In a library of more than 2,500 tracks, over a thousand were missing label entirely. Many had year set to 0. Album values were inconsistent: some were genuine release names, some were Apple Music style single titles, some were little more than the original download folder. The information existed somewhere. The library was not carrying it.

Both MusicBrainz and Discogs hold large release databases. The challenge was not whether the data existed. The challenge was matching the right release metadata to the right Rekordbox tracks in a safe, repeatable way.

The Solution

Rekordbox Metadata Enrichment is a Python CLI that reads a Rekordbox XML export, looks up each track against MusicBrainz and Discogs, scores candidate matches by confidence, and writes a delta XML containing only the tracks that changed, ready to import back into Rekordbox.

A few design decisions shaped the tool from the start.

Delta output, not full library replacement. The output XML contains only tracks that changed. Once the cache is warm, the export can be very small, which keeps Rekordbox import fast and low-risk.
Colour as confidence signal. Rather than silently applying guesses, the Rekordbox Colour field is repurposed as a visual confidence indicator. Enriched tracks are colour-coded by how confident the match was, making uncertain results visible at a glance inside Rekordbox itself.
Permanent cache. Metadata for a processed track does not need to be looked up again. Once resolved, it is stored and reused on later runs. Cold runs take around 90 minutes; warm runs are near-instant.
Failures are never cached. Tracks with no match are always retried on future runs. Every improvement in query logic automatically recovers previously missed tracks without any cache cleanup.

System Architecture

Each track goes through the same pipeline on every run. The pipeline is intentionally sequential: cache check first to avoid redundant API calls, then MusicBrainz, then Discogs if MusicBrainz alone is not sufficient, then an LLM only if the result is still ambiguous.

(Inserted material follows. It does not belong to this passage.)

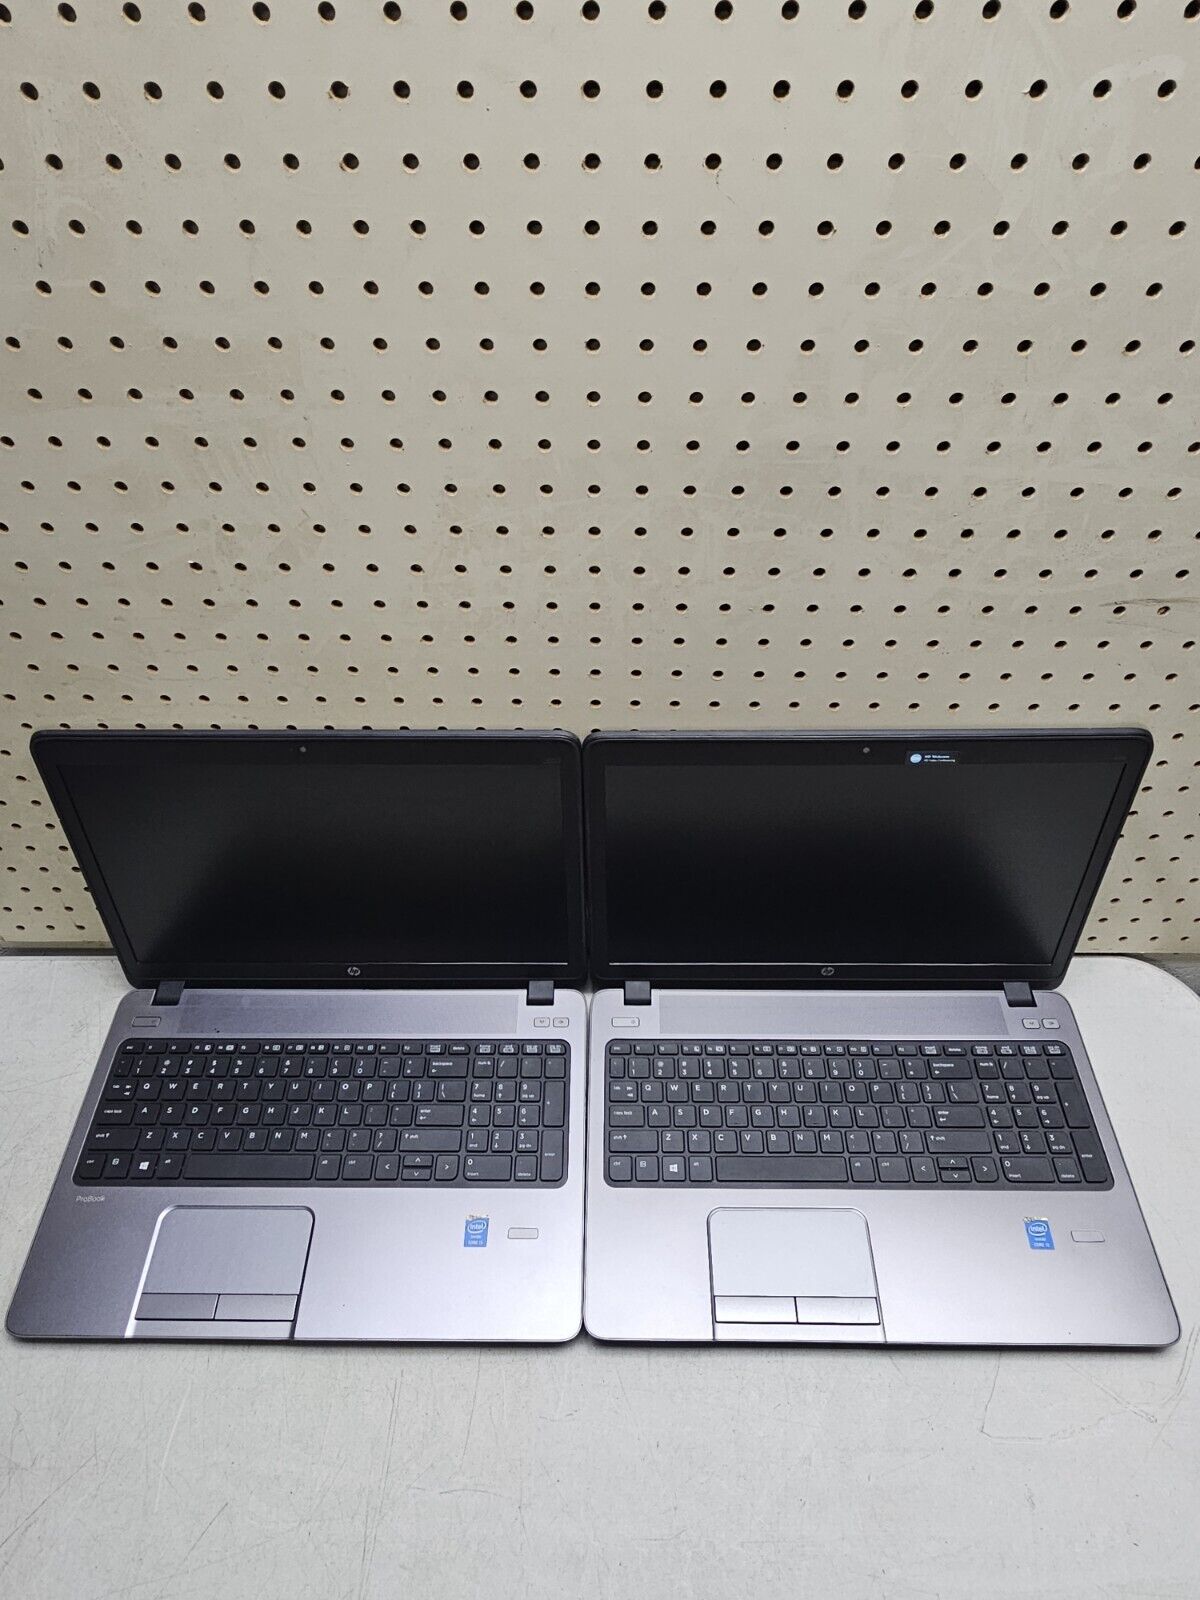 Lot of Two (2) HP ProBook 450 G1 Laptops - i3-4000M - 8GB RAM - 500GB HDD - READ

Two-row pipeline flow: Rekordbox XML input, Cache Check, MusicBrainz API, Score Candidates in row one; Discogs API, Score and Auto-Enrich, LLM Disambiguation cascade, Delta XML output in row two. — Cache check, MusicBrainz, scoring, Discogs if needed, scoring again, LLM disambiguation only if still ambiguous. The LLM amber highlight reflects that it is used sparingly, around 65 calls per full cold run across 2,354 tracks. Only changed tracks are written to the delta XML.

Library

Rekordbox XML Export

2,500+ tracks · artist, title, BPM, Camelot key · label, year, album, remixer fields to be enriched

Cache Check

Skip track if already enriched and cached · failures are never cached and are always retried on subsequent runs
MusicBrainz API Lookup

Query release database by normalised artist and title · returns candidate releases with label, year, album data
Score Candidates

Confidence threshold check · high-confidence MusicBrainz result goes straight to enrichment · low-confidence triggers Discogs lookup
Discogs API Lookup

Queried when MusicBrainz alone is insufficient · particularly strong for underground electronic music where commercial release databases have gaps
Score Again + Auto-Enrich

Re-score all candidates from both sources · high-confidence result applies enrichment and marks green · still ambiguous triggers LLM
LLM Disambiguation

MiniMax M2.7 first, then Groq, then Gemini 2.5 Flash · used only to resolve between grounded candidates · orange confidence colour applied · if no confident decision, track is left unenriched rather than guessed at

Delta XML: only changed tracks, ready for Rekordbox import

Unresolved playlist: no-match tracks exported for review inside Rekordbox

The Discogs lookup was the most important source for this particular library. MusicBrainz covers mainstream releases thoroughly but has thinner coverage of underground electronic music, white labels and small-run digital releases. Discogs fills that gap. It is also the database where the key fix in Phase 1 was required, covered below.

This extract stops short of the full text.